По Левинасу, Целан никогда не видел в еврействе живописную особенность или семейный фольклор.
"Без всякого сомнения, крестные муки Израиля при Гитлере, – пишет Левинас, познавший это на своей шкуре, как и Целан, – тема его двадцатистраничной "Стретты", этой жалобы жалоб... в глазах поэта исполнена смысла для человечества, как такового, и еврейство здесь – лишь предельная возможность (или невозможность), разрыв с простодушием вестника, посланца или пастыря бытия. Треснувший мир, открывающийся не приютом, а камнем (вспомним Мандельштама. – Прим. автора), по которому стучит посох спутника, отзываясь наречием минералов". Бессонница на ложе бытия, невозможность свернуться, чтобы задремать. Изгнание из "живущего миром мира", нагота того, чье имущество взято взаймы, нечувствительность к природе, потому что у еврея – "...тебе ли не знать, есть ли у него хоть что-нибудь, что и вправду принадлежит ему, а не занято, не одолжено, не присвоено?" (слова из "Полуденной линии" Целана).

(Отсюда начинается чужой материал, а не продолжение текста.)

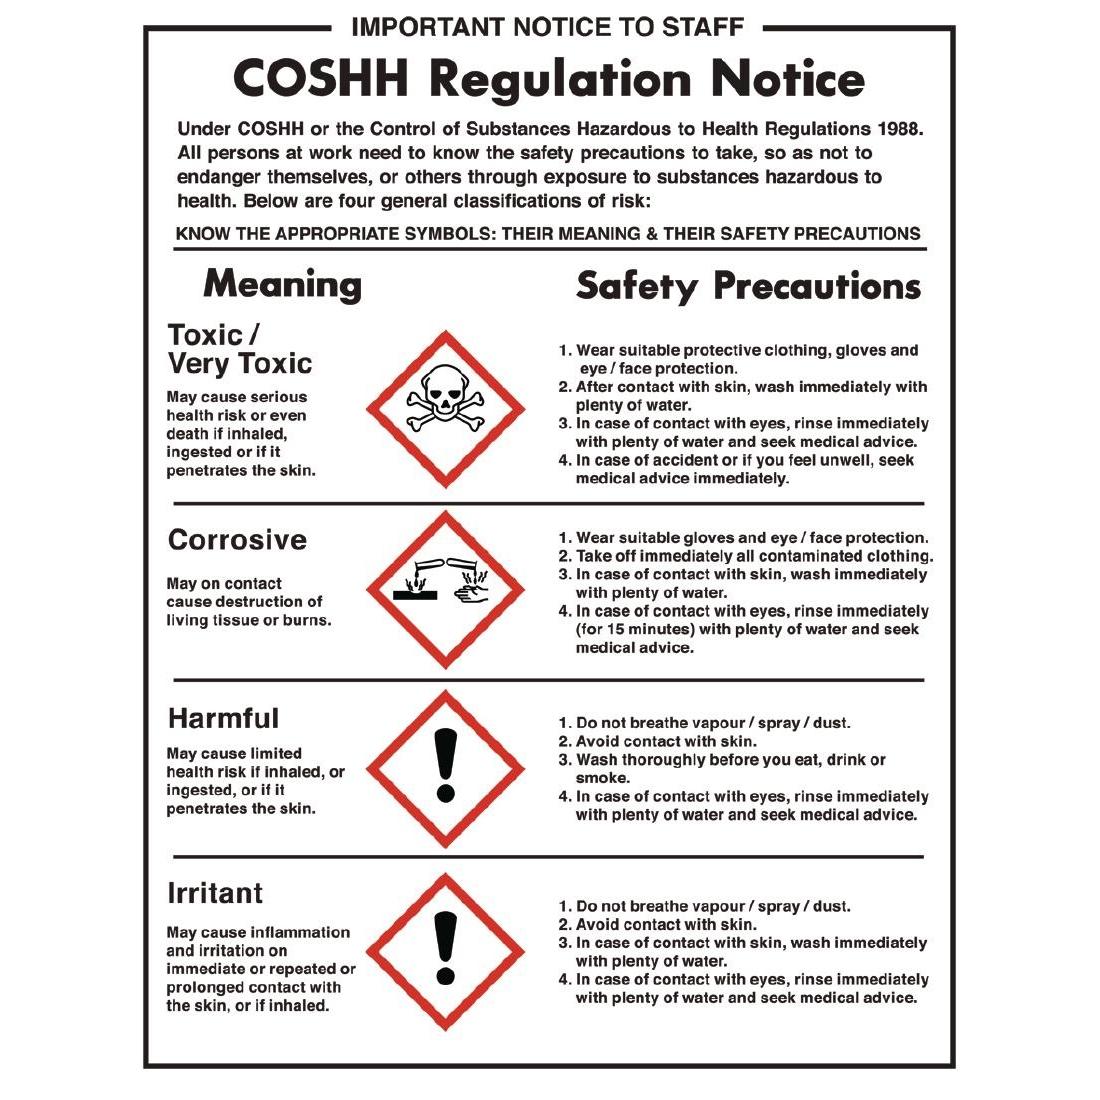 Coshh Regulations Sign

Опять на Горе – два еврея. А может быть, один, но в трагической раздвоенности с самим собой. Ведь "еврей и природа – это всегда двое, даже сегодня, даже здесь" ("Полуденная линия").
Полуденная линия – это, по Левинасу, "вопрошание Другого, поиск Другого. Поиск, посвящающий стихотворение другому: песнь, подымающаяся до самоотдачи, до вручения-себя-другому… Смысла, который древнее онтологии, древнее мышления о бытии и всего, что могут предположить знание и желание..."
И это возвращение на круги своя, удостоверенное движением к Другому, это возрождение феникса из пепла Шоа является не только залогом неистребимости народа Израиля, но и вечности всего живого мира.